[0:00] I was interviewed by The Citizen this week. A 50-minute long interview from a woman by the name of Jennifer. I think she normally publishes under the name Jennifer Jackson, but I think that byline is going to be changed soon to Jennifer Green because she's been recently married.
[0:20] And I guess there was a bit of telephone tag, this woman wanting to talk to me to set up an interview, so I knew she wanted to talk to me and interview me. My wife and I talked about it.
[0:30] I was very uneasy about being interviewed by a reporter of The Citizen. The press aren't often friends of people like myself and many of you who hold our views on some issues of the day.
[0:44] But after praying about it and discussing it with my wife, I decided I'd do the interview.
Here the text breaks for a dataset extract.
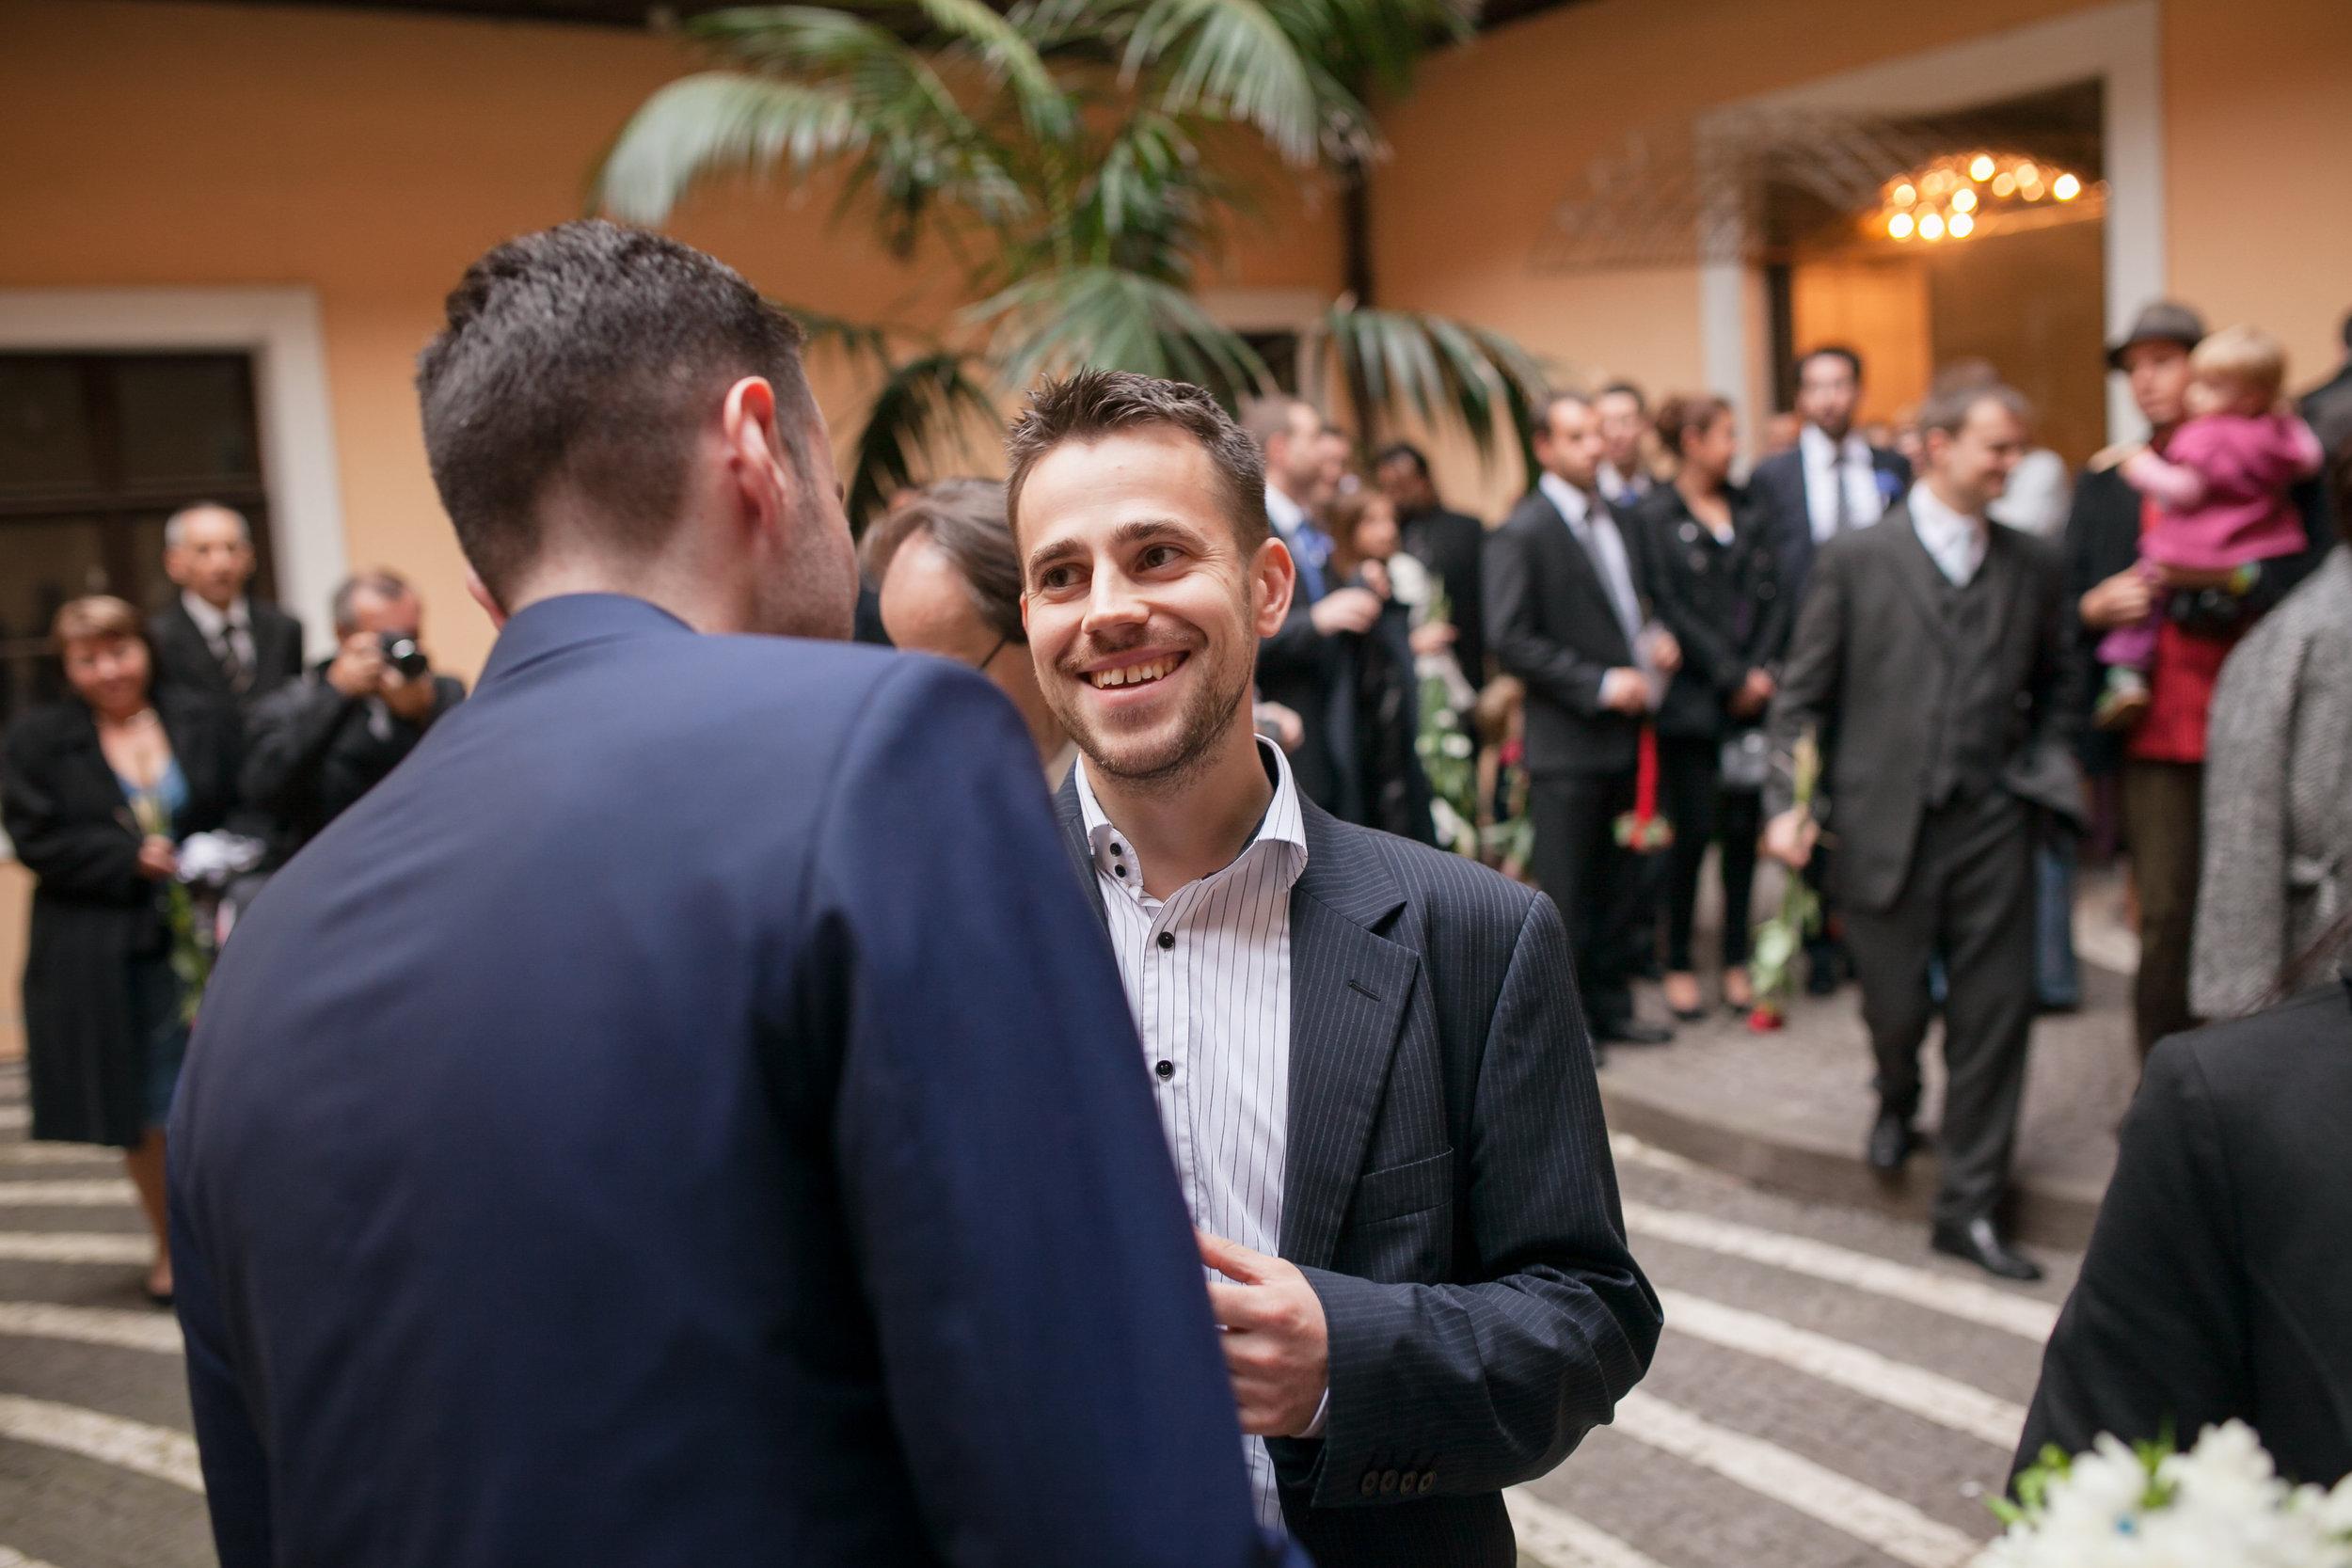 destination-wedding-photographer-slovakia-bratislava-happy-guest.jpg

So on Thursday morning, she said she'd like to talk to me for 20 to 30 minutes, and she interviewed me for 50 minutes.
[0:56] And she talked to me about our network membership, about us withholding apportionment, about a lesbian priest, a woman married to another woman who's a priest in the Diocese of Ottawa, and my role in an open letter about that, about essentials.
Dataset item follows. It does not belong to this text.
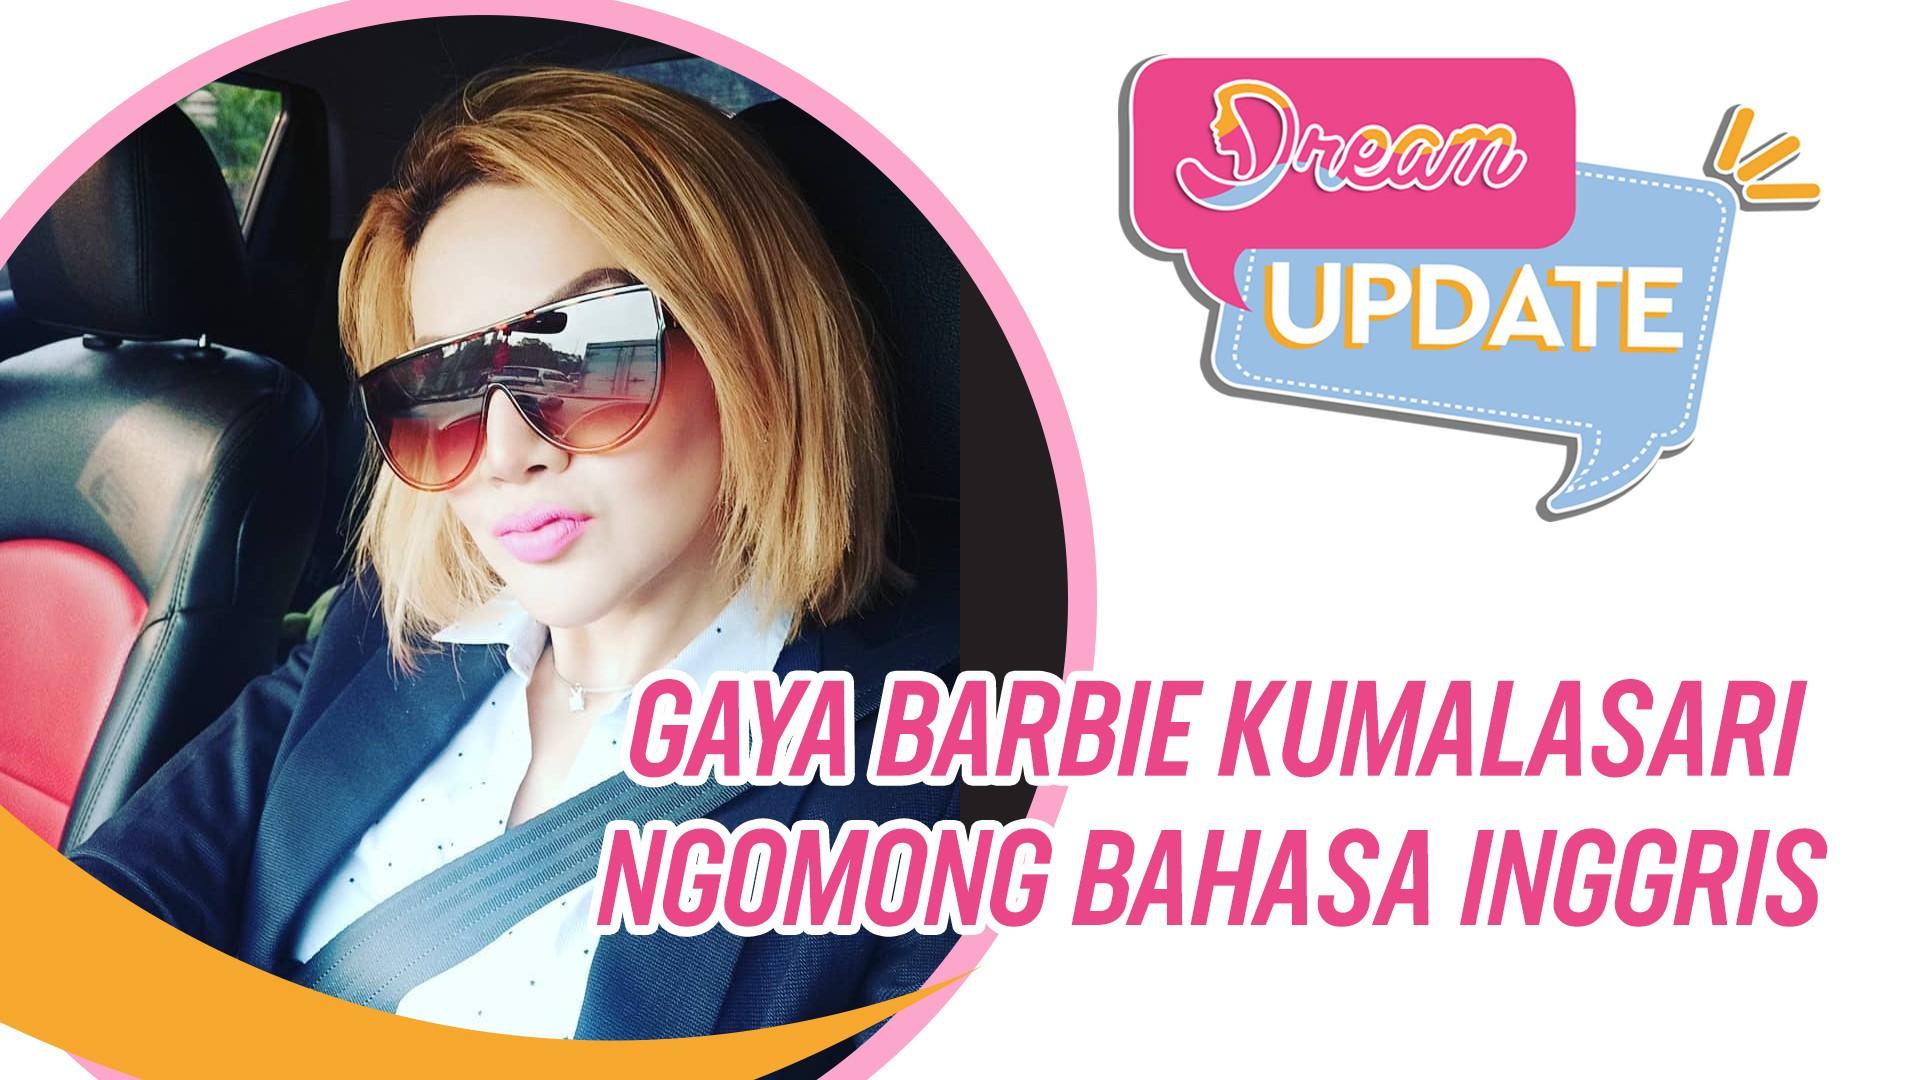 Kocak Abis Gaya Barbie Kumalasari Ngomong Bahasa Inggris

[1:17] We covered the whole gamut. The article didn't come out on Saturday, yesterday. That means it's, I think, coming out this coming Saturday or Sunday. You can pray for her as she writes.
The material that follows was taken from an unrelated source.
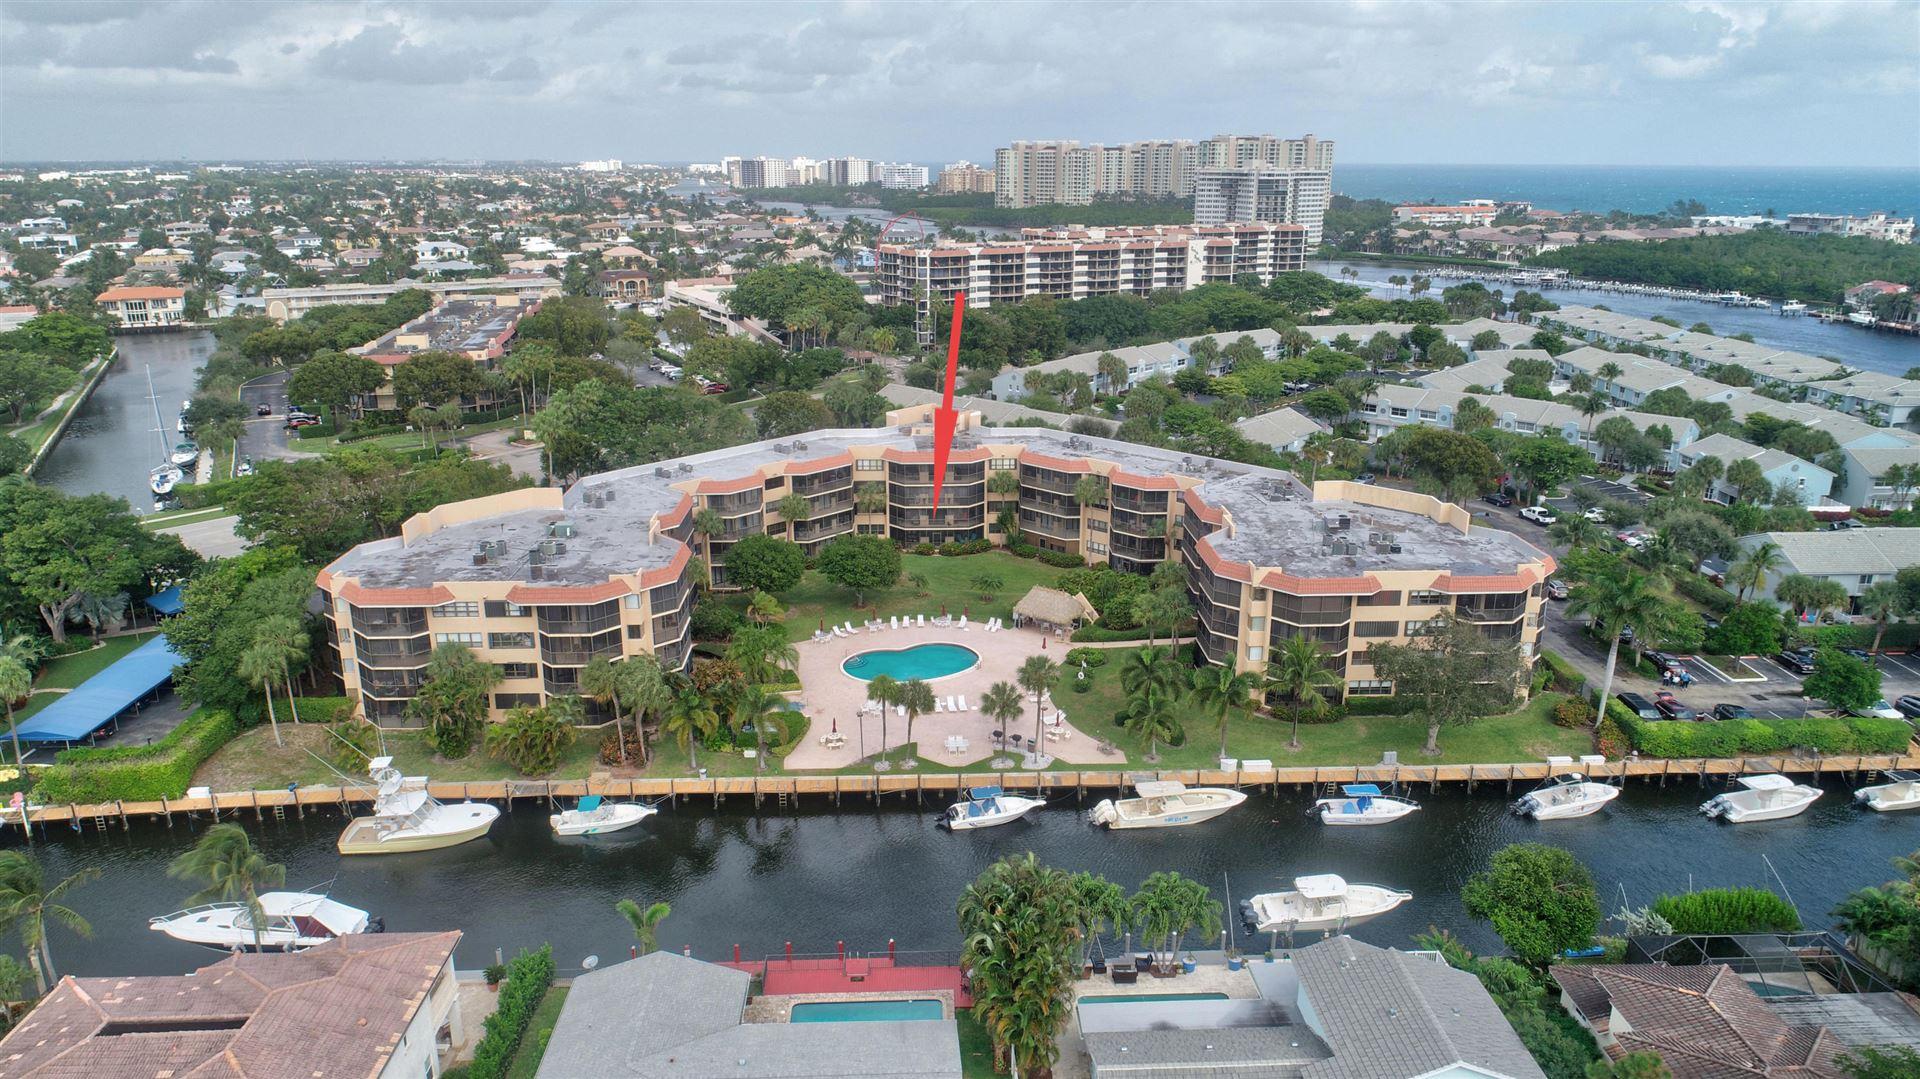 800 Jeffery Street #207, Boca Raton, FL 33487 - #: RX-10593825

[1:29] I ended up thinking that she was quite fair-minded, and so just pray that as she thinks this week about how she's going to write that article, that she will be fair-minded about how she portrays us.
[1:43] One of the reasons, as you know, I'd be nervous about interviews, because once you're interviewed, I mean, you're just complete, we're completely helpless. I'm helpless. You know, she can make me look really bad or make me look good or somewhere in between.
[1:57] But, you know, I can't replay for you the entire interview, not that I could remember it, but early on in the interview, I said to her, I said, you know, if there was a verse which really described my heart, where my heart is, and where I'd like my heart to grow more and more, and I think it describes the heart of this congregation, it is these words of Jesus, Come unto me, all who labor and are heavy laden, and I will give you rest.
[2:26] Take my yoke upon you and learn from me, for I am gentle and lowly of heart, and you will find rest for your souls, for my yoke is easy and my burden is light.
[2:37] And I said, that's my heart, and that's the heart of this congregation. And before I could start to explain it, she said to me, she said, that's beautiful. Where is it from?
[2:49] And so I told you, I told her Matthew 11, 28 to 30, it's the words of Jesus, and I said, you know, we're a broken people.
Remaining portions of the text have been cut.